• _Entries shown_
---+---

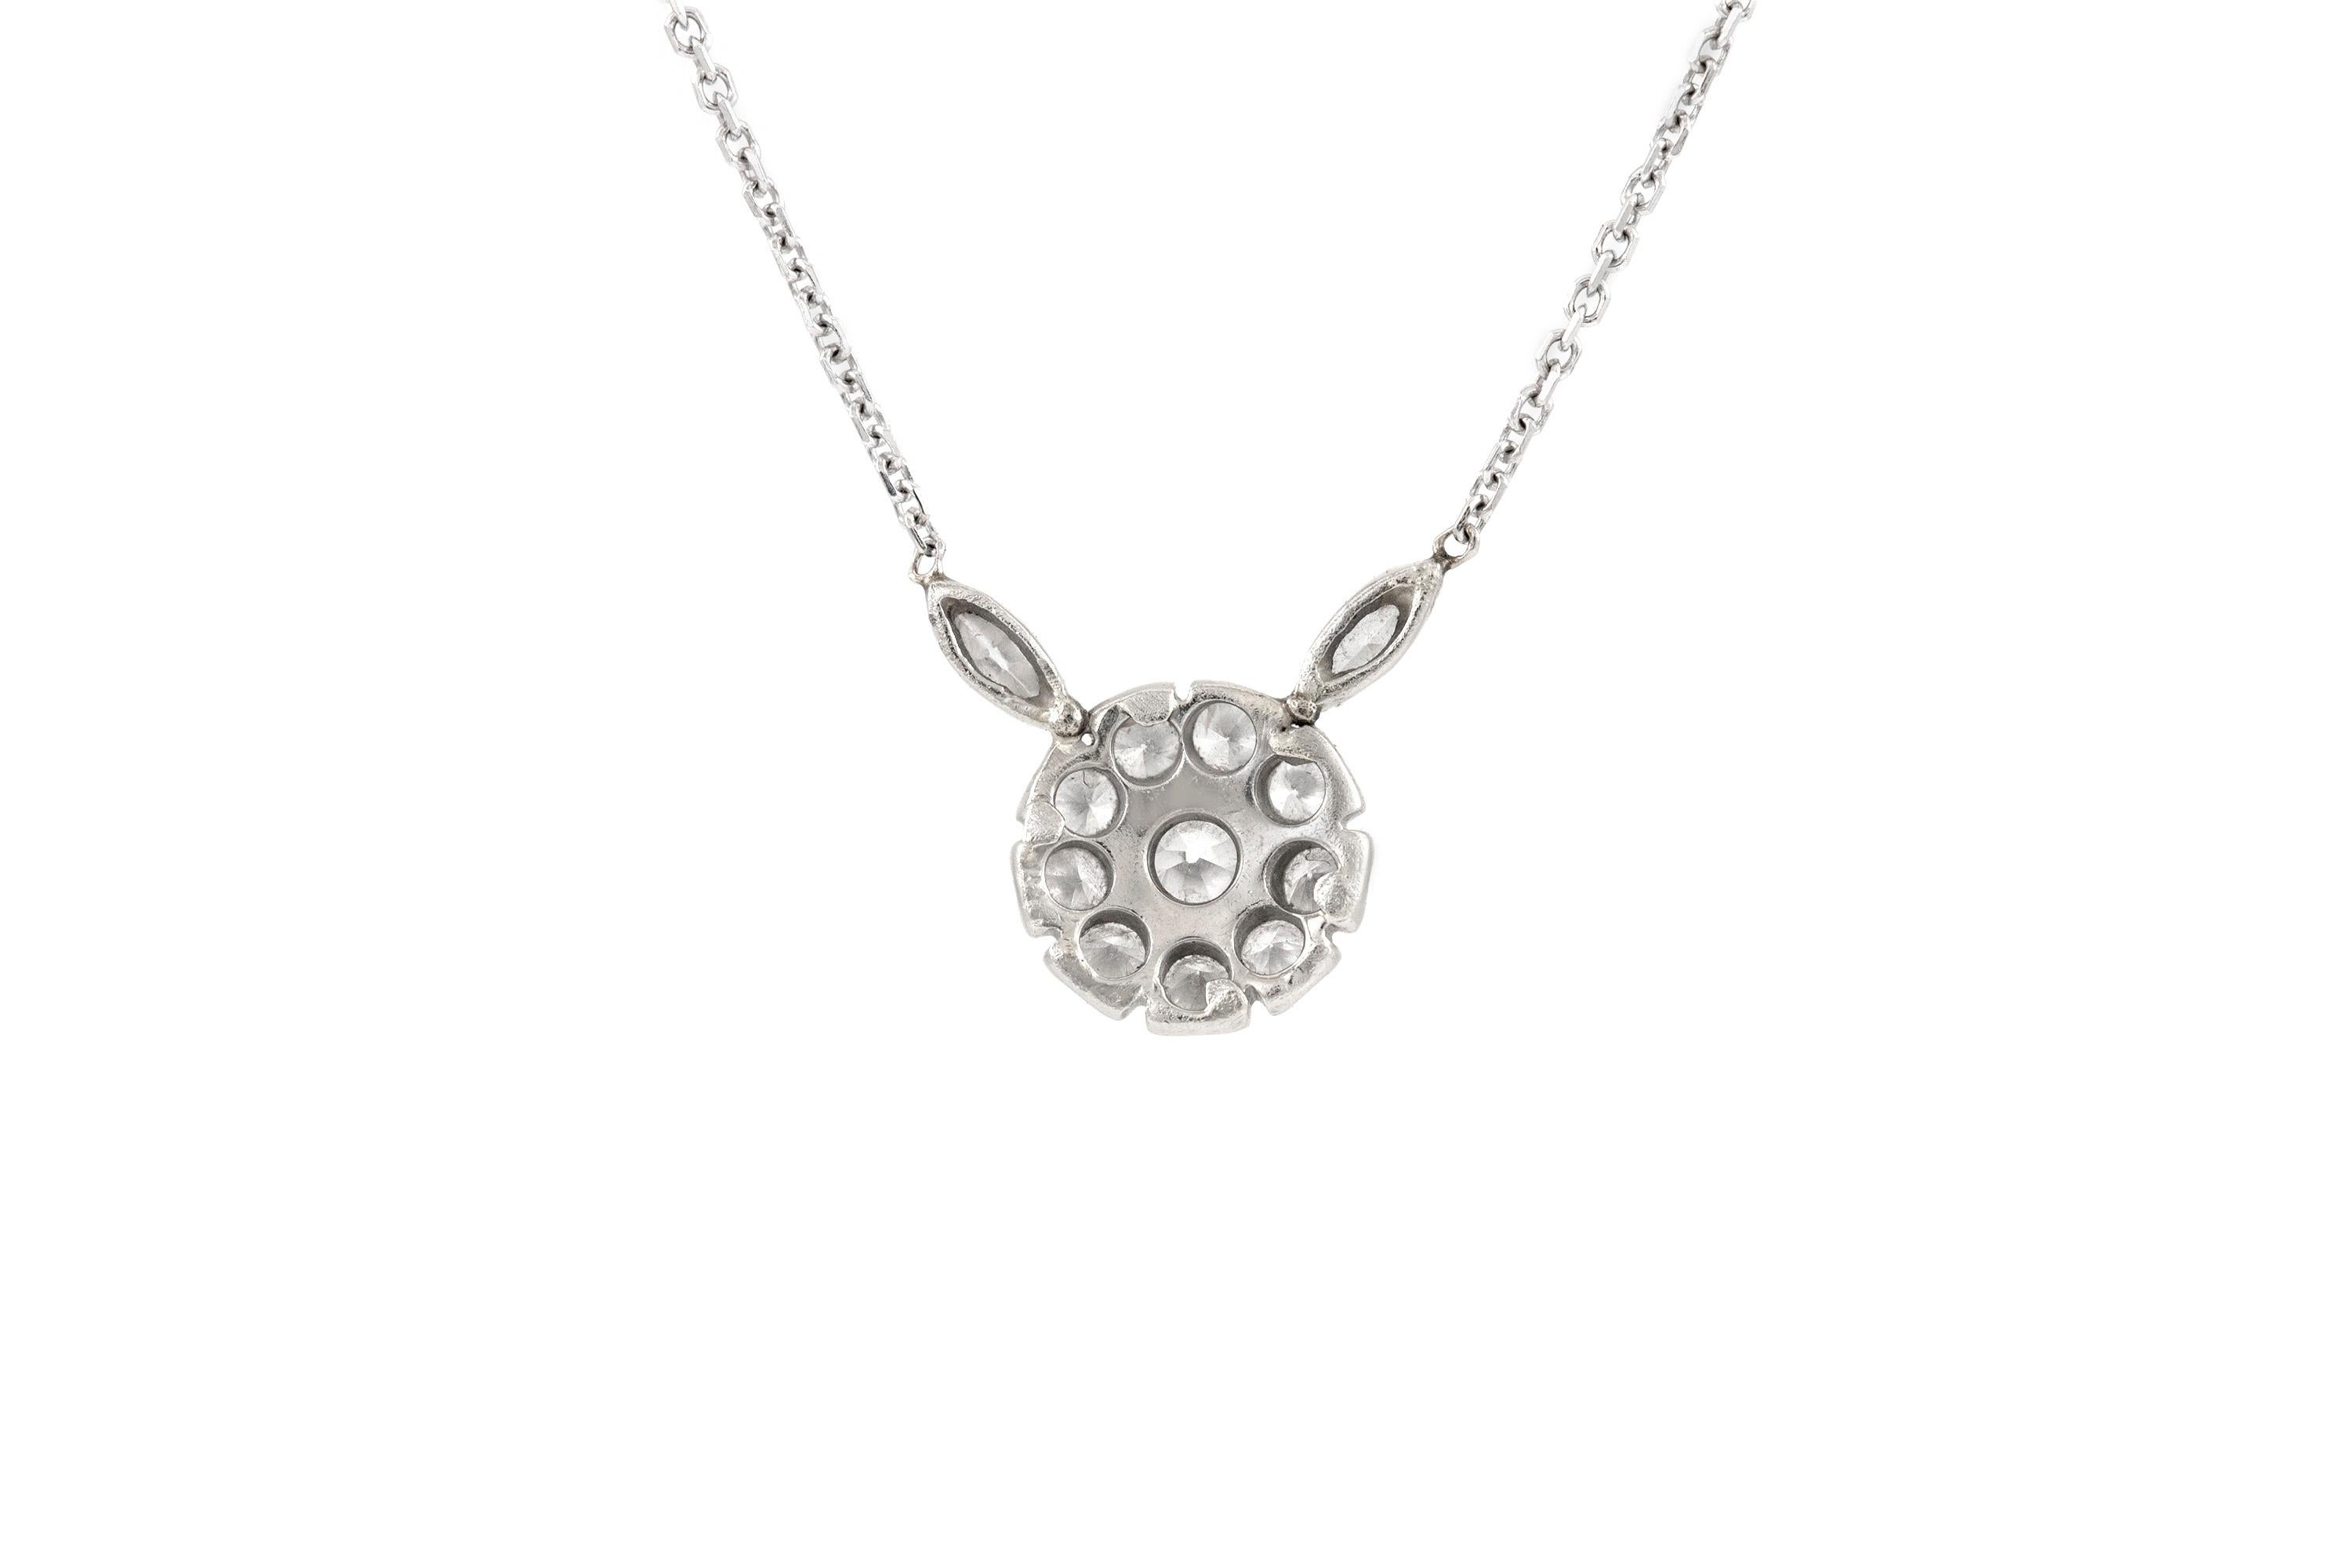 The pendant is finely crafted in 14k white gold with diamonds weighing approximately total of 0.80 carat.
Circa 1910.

---+---

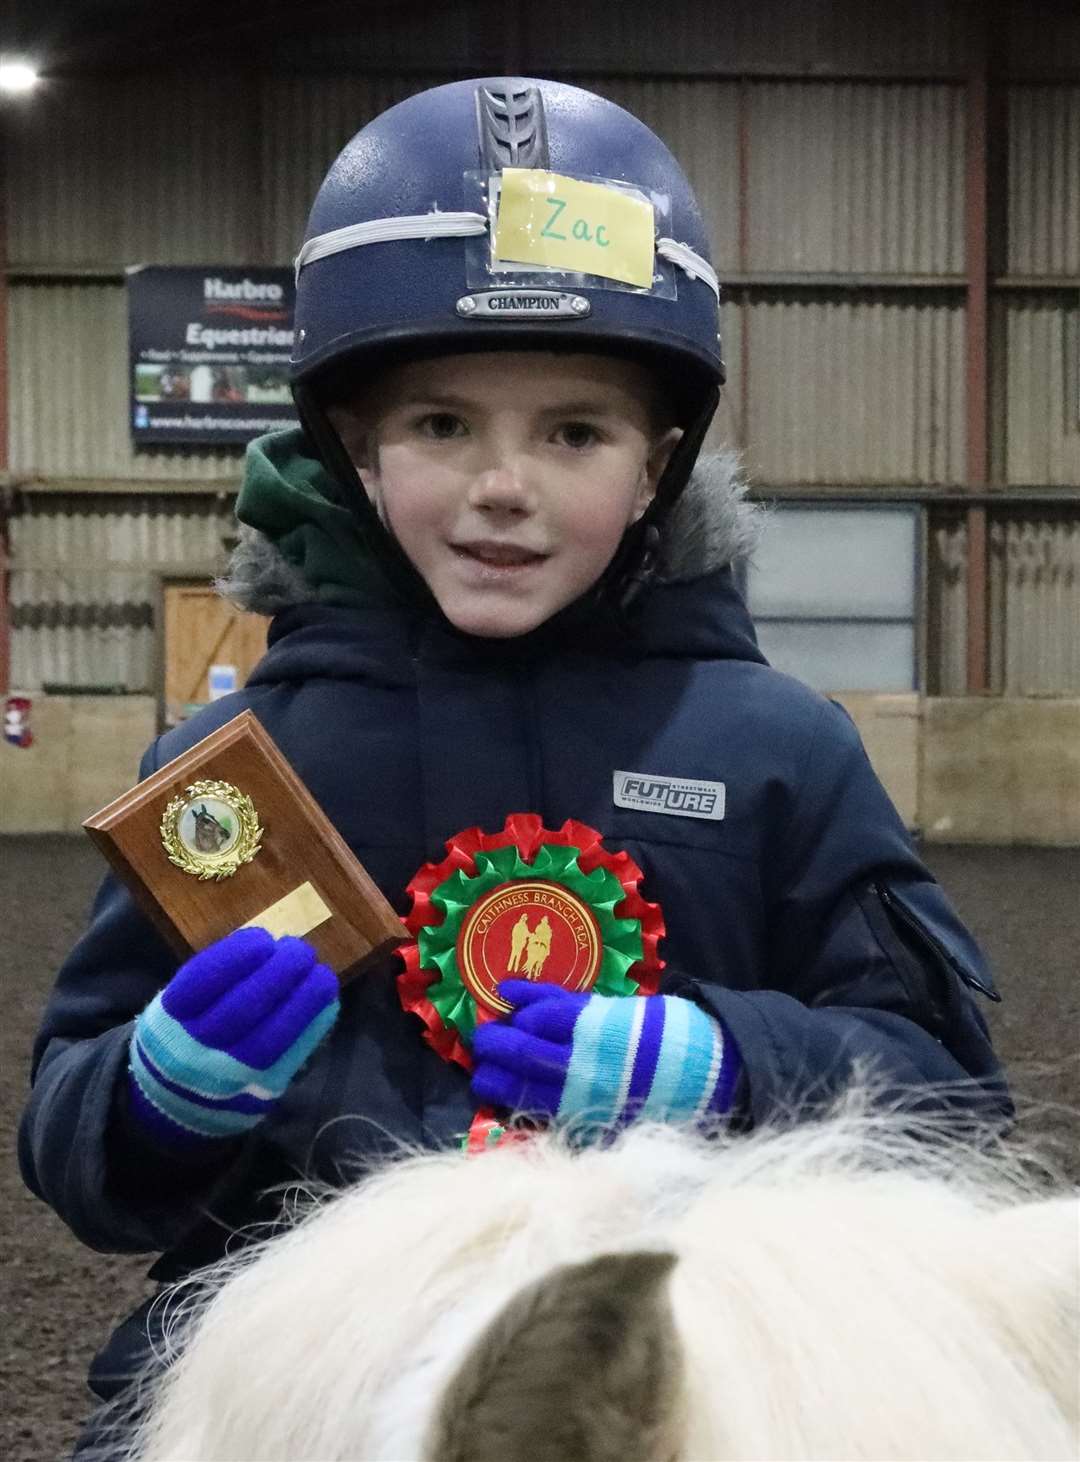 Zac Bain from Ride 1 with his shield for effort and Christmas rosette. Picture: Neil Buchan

---+---

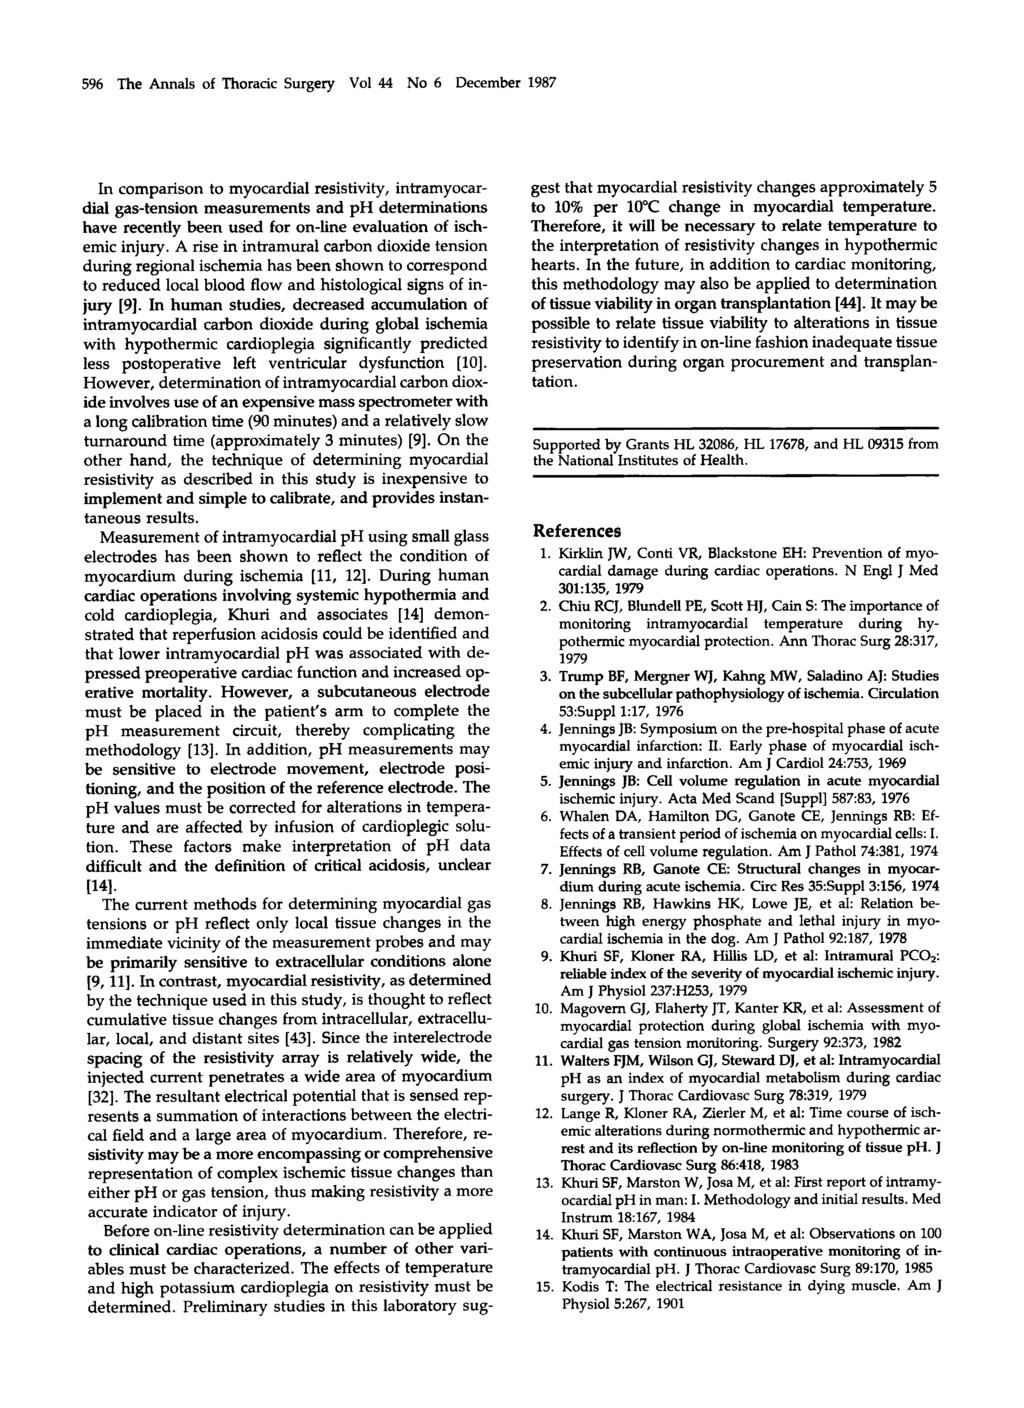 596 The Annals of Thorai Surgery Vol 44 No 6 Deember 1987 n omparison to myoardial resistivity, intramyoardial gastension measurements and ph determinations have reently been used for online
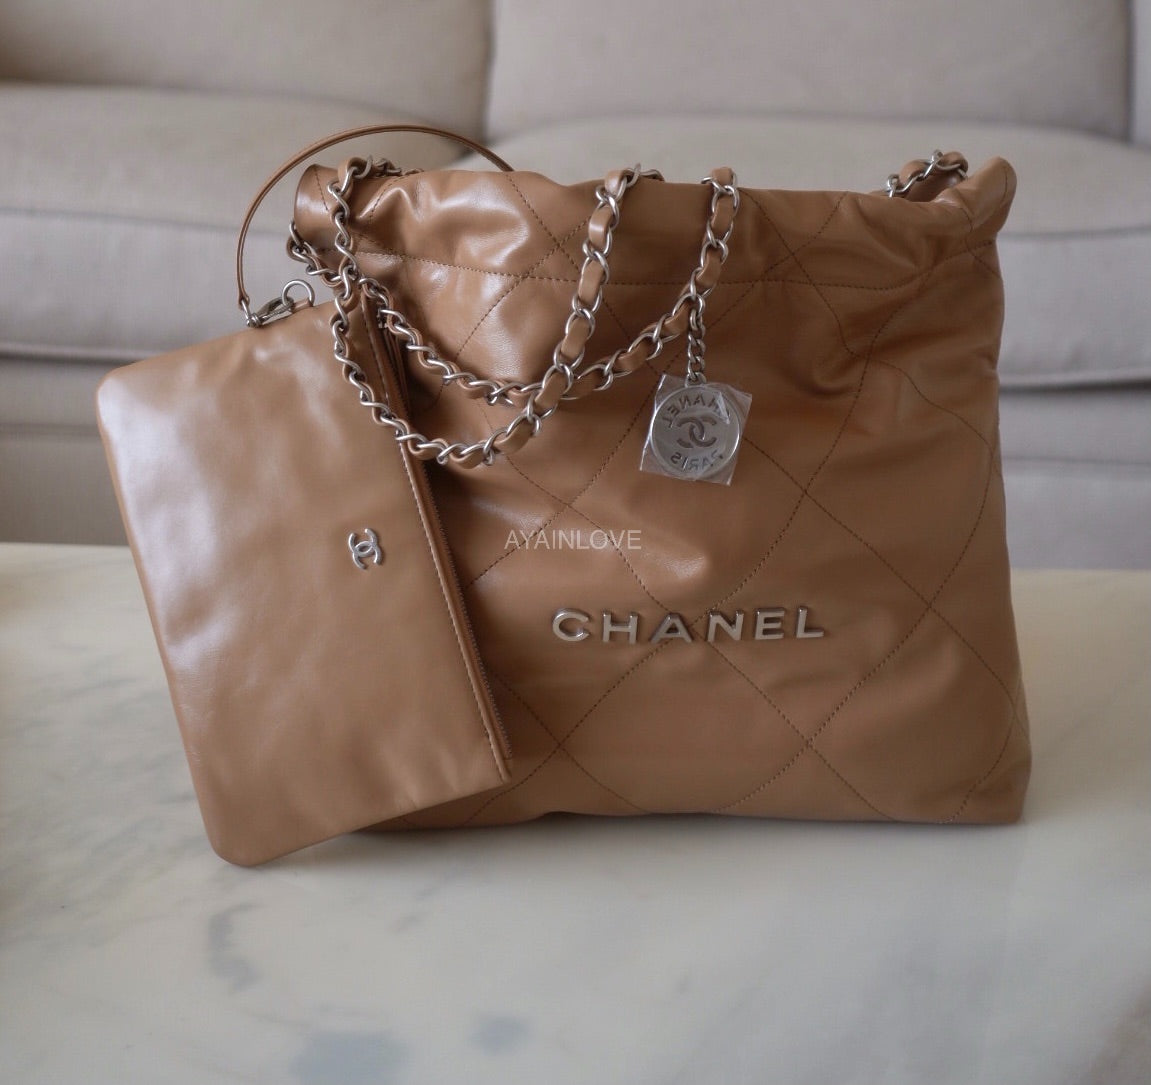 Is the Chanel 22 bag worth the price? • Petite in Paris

---+---

• _Problem details_
Starting at the line with "596 The Annals" and finishing at the line with "Is the Chanel", copy the material above exactly, both lines included. Nothing else goes in, and no pictures.

• _Exercise output_
 596 The Annals of Thorai Surgery Vol 44 No 6 Deember 1987 n omparison to myoardial resistivity, intramyoardial gastension measurements and ph determinations have reently been used for online
 Is the Chanel 22 bag worth the price? • Petite in Paris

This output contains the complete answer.